What to work on
Within the listing that follows, reproduce exactly the lines starting at the line with "Carezza, South Tyrol, Italy" and ending at the line with "Shock absorber bearing", inclusive, and only those. Pictures are dropped.

Extracted records
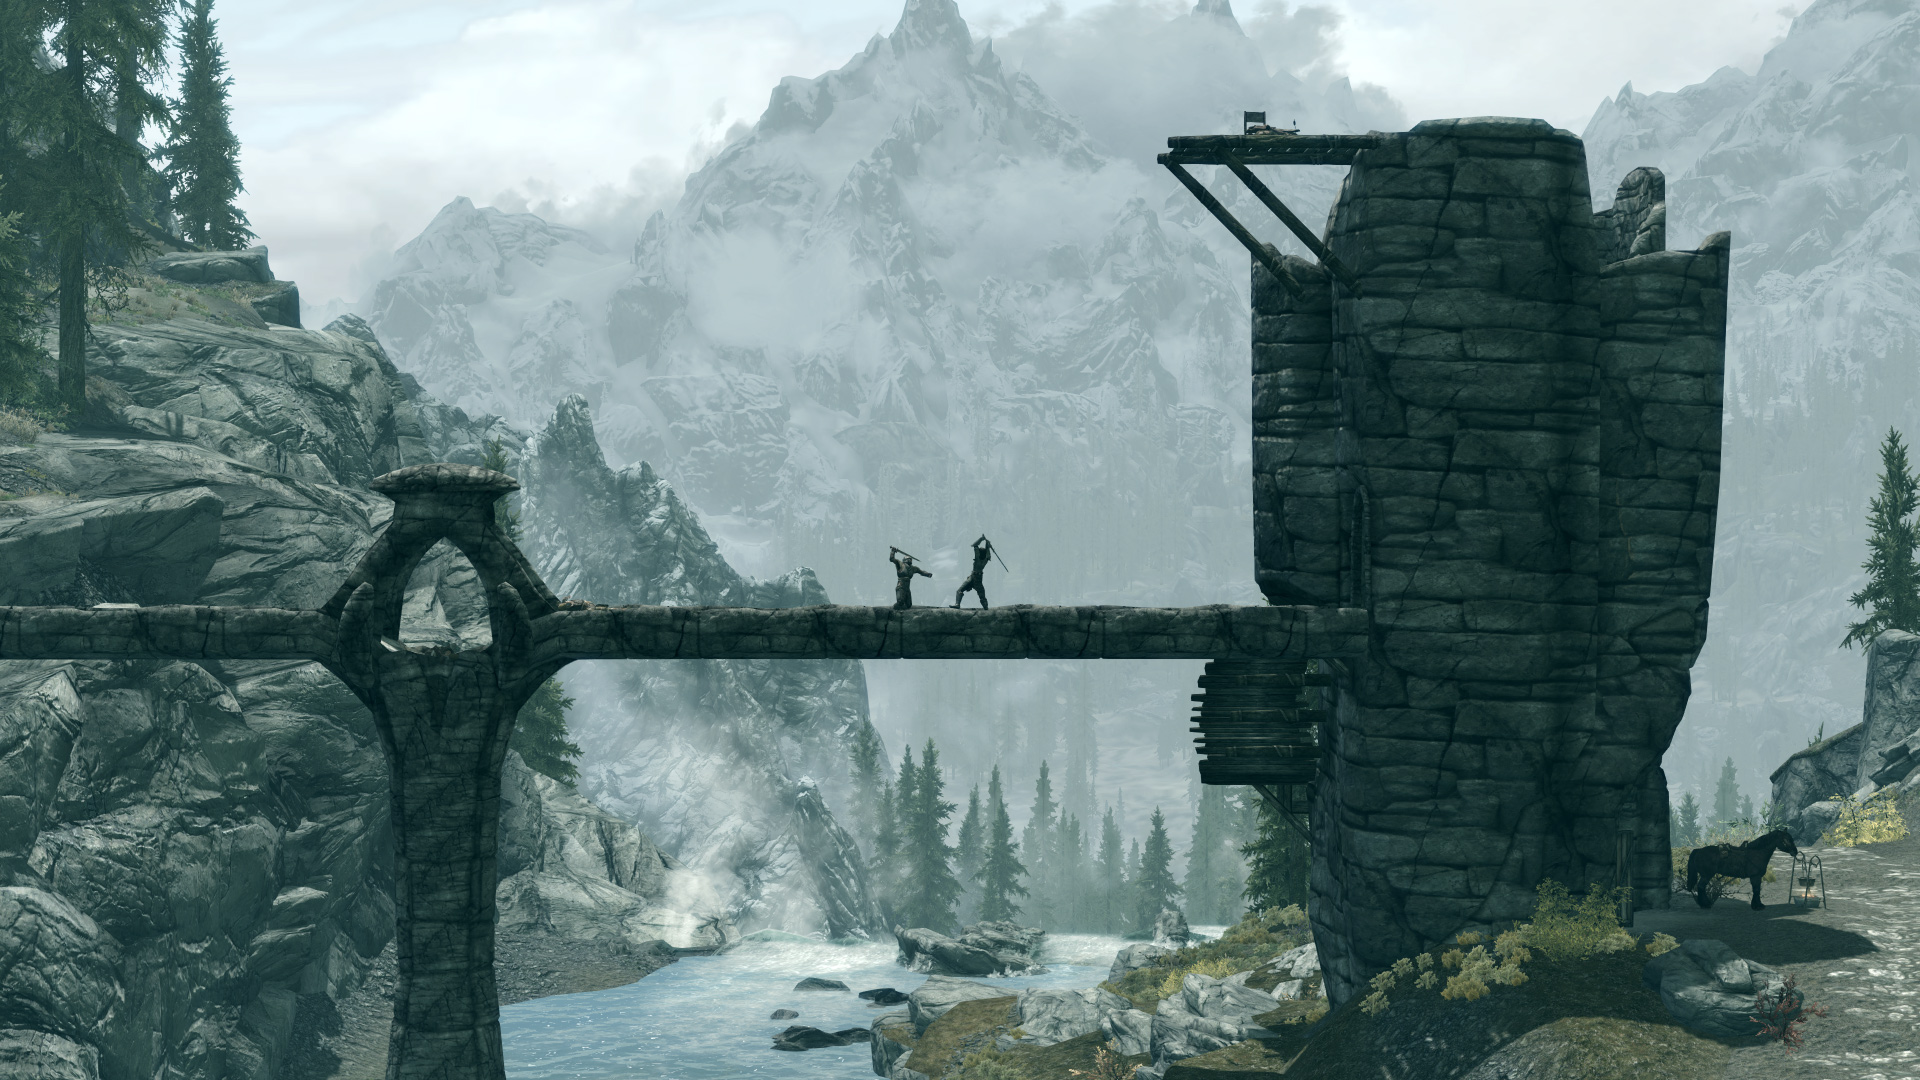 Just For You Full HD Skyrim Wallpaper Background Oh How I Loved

* * *

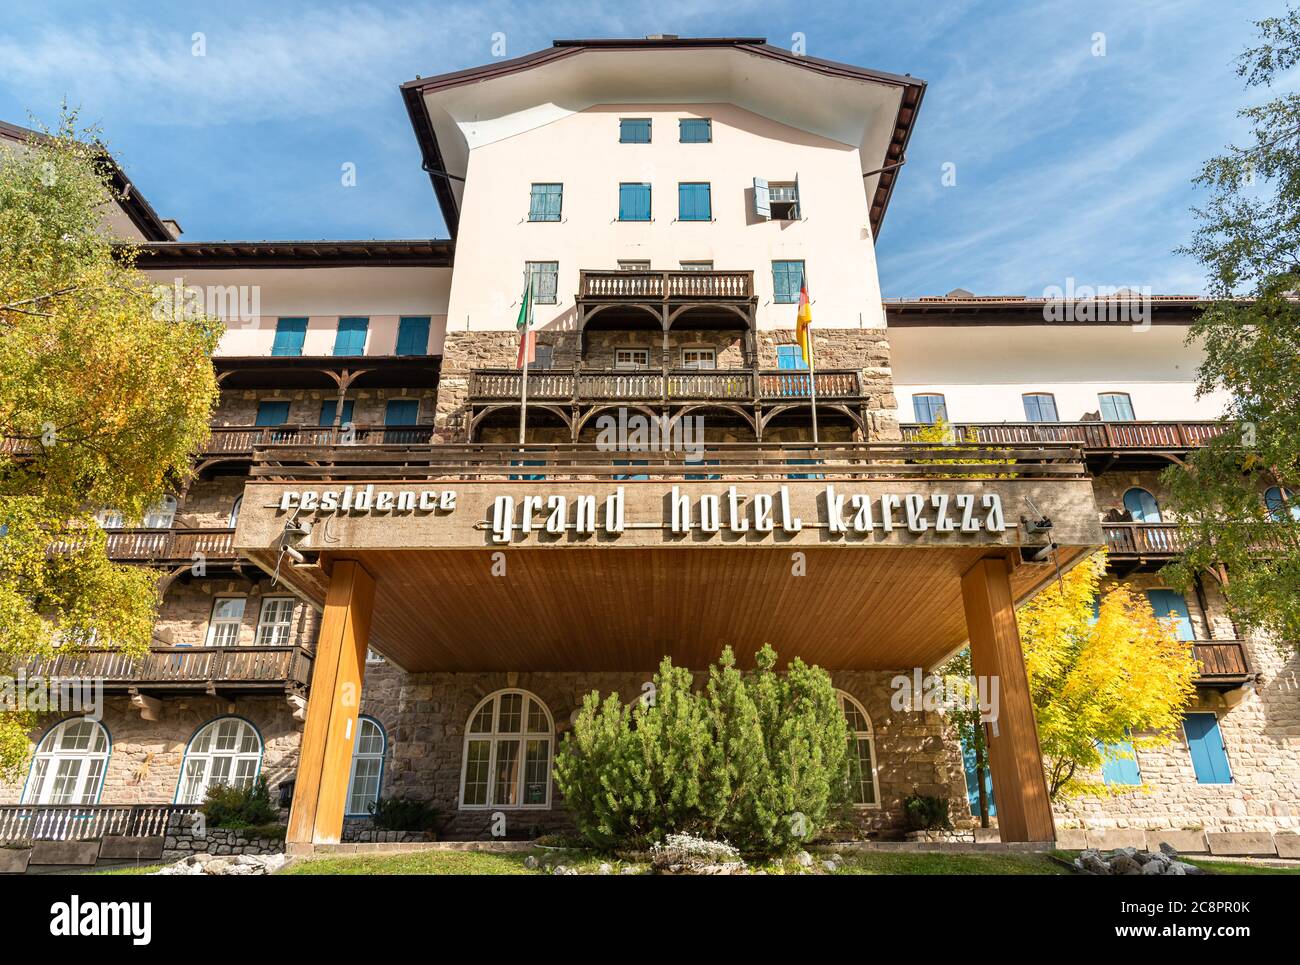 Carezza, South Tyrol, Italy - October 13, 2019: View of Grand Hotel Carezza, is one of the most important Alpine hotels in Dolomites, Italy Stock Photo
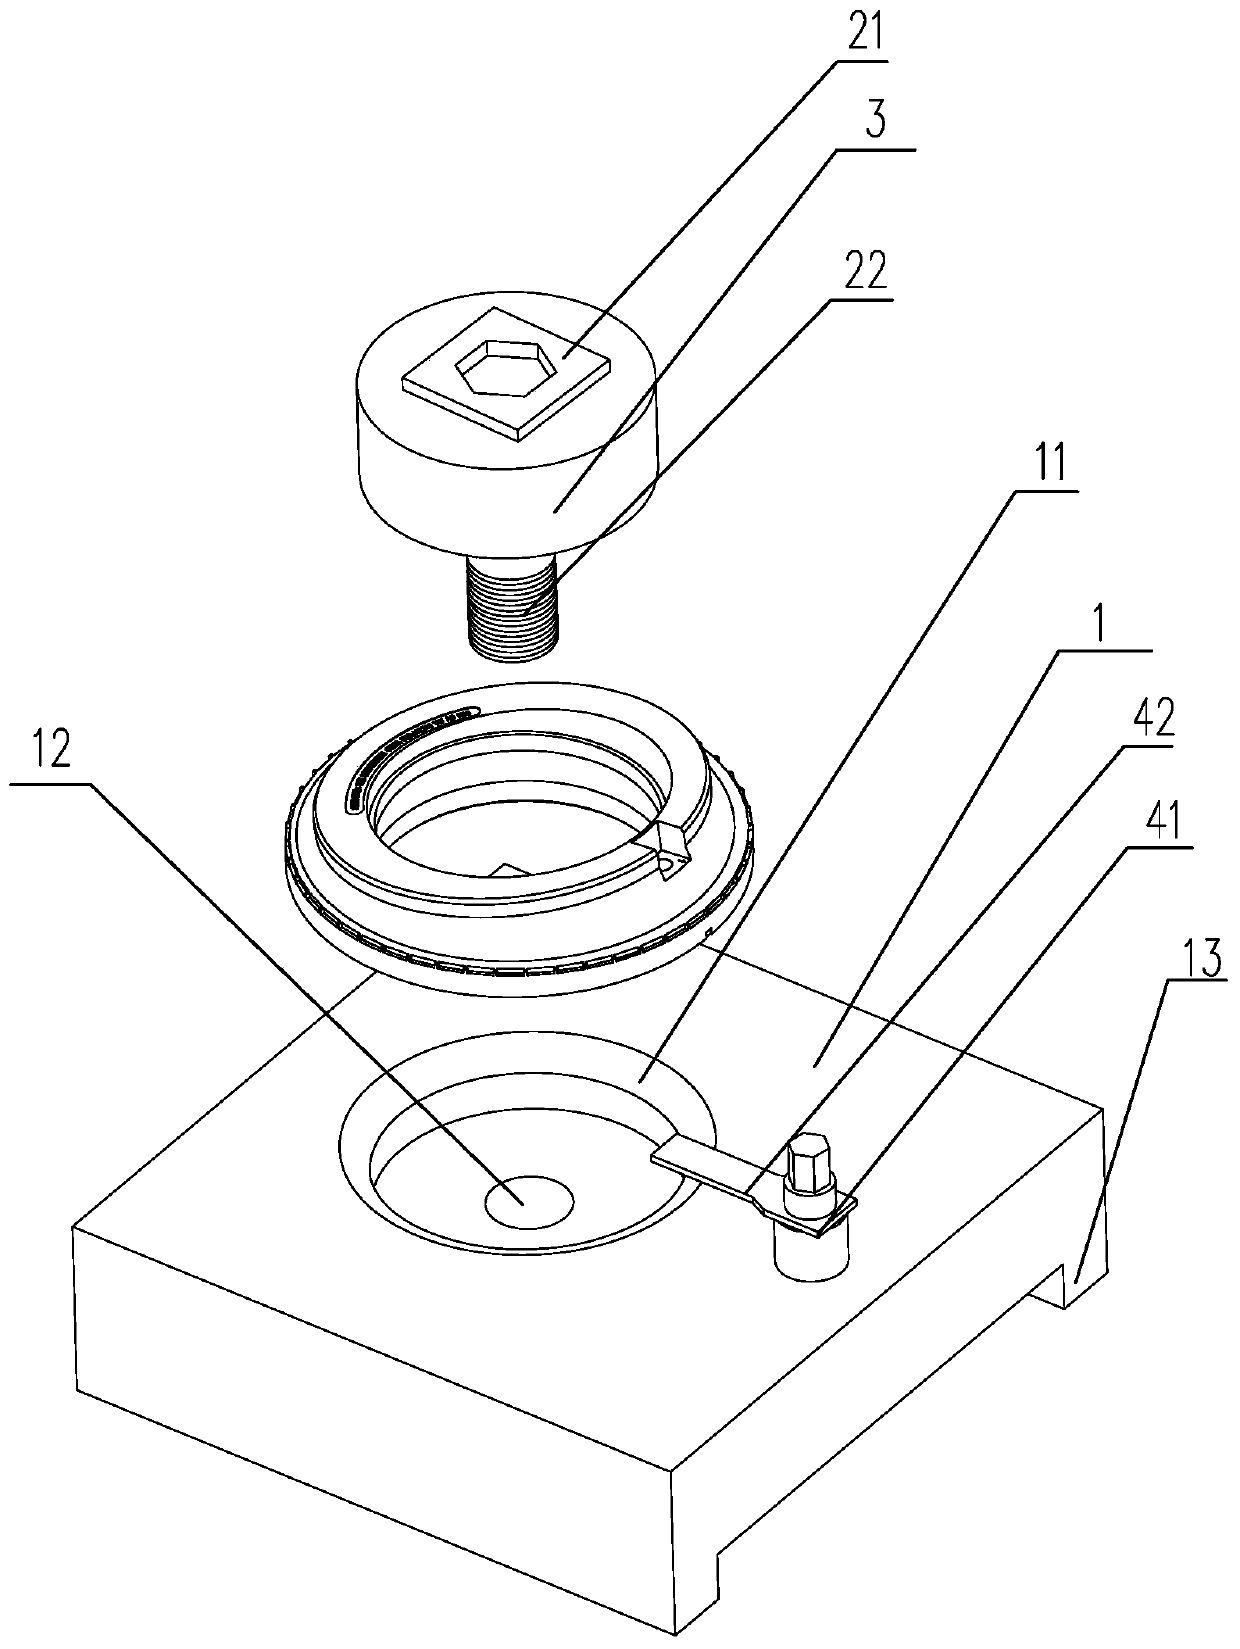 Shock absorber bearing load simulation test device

Task solution
 Carezza, South Tyrol, Italy - October 13, 2019: View of Grand Hotel Carezza, is one of the most important Alpine hotels in Dolomites, Italy Stock Photo
 Shock absorber bearing load simulation test device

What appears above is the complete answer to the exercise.